While many of us won’t try to assassinate high-profile stickup men in our lifetimes, it’s a key [every blurb says “important”] lesson that Omar teaches with this quote. And I feel it primarily speaks to the “big opportunities” in life. Whenever you have the chance to get closer to your dream—whether it’s a job interview, an audition or a big work project—it’s important to save your best shot for your biggest task.
Big opportunities can come few and far between, so it’s also important to make the most of your chances. In the case of Omar, the shooter failed to make the most of the opportunity to whack Omar, which made the impending revenge imminent. But, for the rest of us, we’ll probably just be left with regret. Which could be worse.

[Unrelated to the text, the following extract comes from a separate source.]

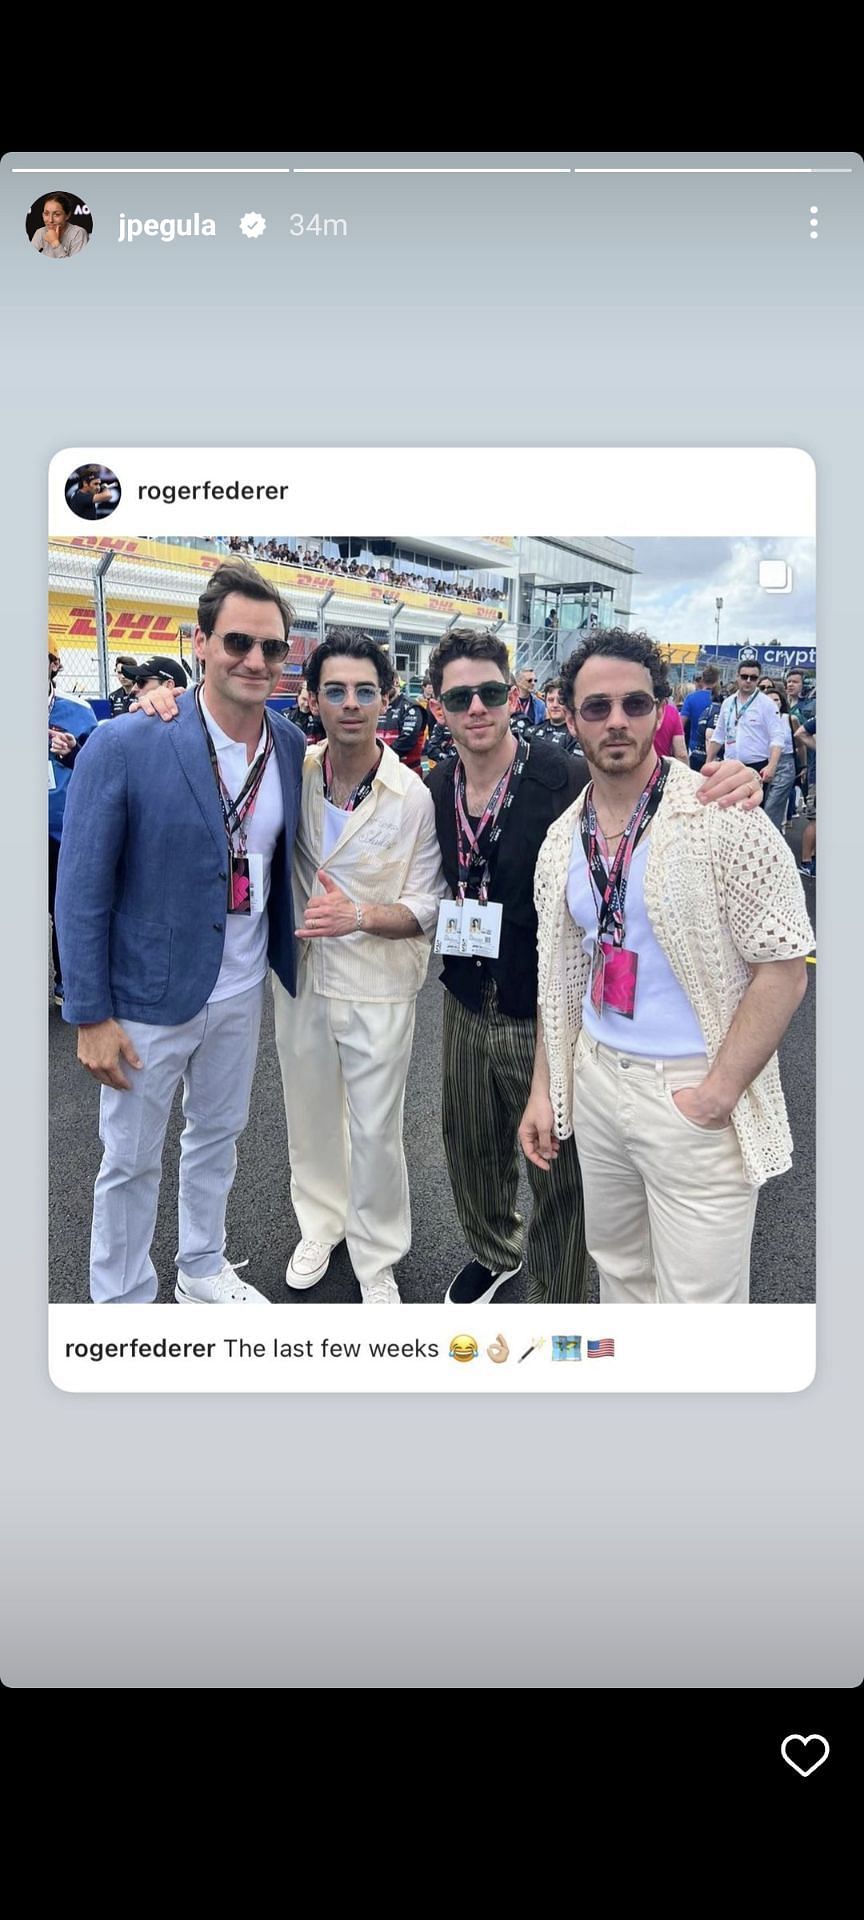 Jessica Pegula reacts to the picture of Roger Federer with the Jonas Brothers

3. "A man must have a code."
Without a code, a man (or woman) has no way of living life. Now, this code doesn’t have to be too complex—but there should be a few morals that we stand by and try to defend throughout any walk of life. While the context of this particular quote revolves around the inner workings of crime organizations, much like the mafia, “common folk” should also have a code.
Traits like honesty, empathy and fairness are a few of the basic things that should be included in all our codes. The world would be a better place if people followed this.
4. "You show loyalty, they learn loyalty. You show them it’s about the work, it’ll be about the work. You show them some other kind of game, and that’s the game they’ll play."
This quote, which Daniels said, is vastly crucial for anyone who wants to be a leader in life. Being a leader means you set the example for others to follow. It also means setting the right example for those around you to follow.
I love the examples Daniels uses in this quote. Loyalty is, at least partially, contagious—and can be strengthened by the power of suggestion. If the people around you have proven to you that they’re loyal, you should be more inclined to prove your own loyalty.
The same could be said about work. We see it in sports, we see it in our offices; when the leader of the team works the hardest, people around them tend to follow suit. And the same could be said about slacking off. If the leader shows an air of carelessness, it’s only natural for that to be the example others follow.
5. "All in the game, yo."
All in the game, yo. While it might be the most “slangy” of the quotes on this list, it might be the most important. Life isn’t fair. Life isn’t always pleasant. But, at the end of the day, you must realize it’s all in the game, and the essential thing to do is not waste time lamenting about these things.
When life deals you a bad hand, charge it to the game and keep it moving. Focus on the next hand. There’s no point in asking “why is this happening to me?” It’s all in the game. At this point, the focus should shift from “why is this happening?” to “what can I do about it?”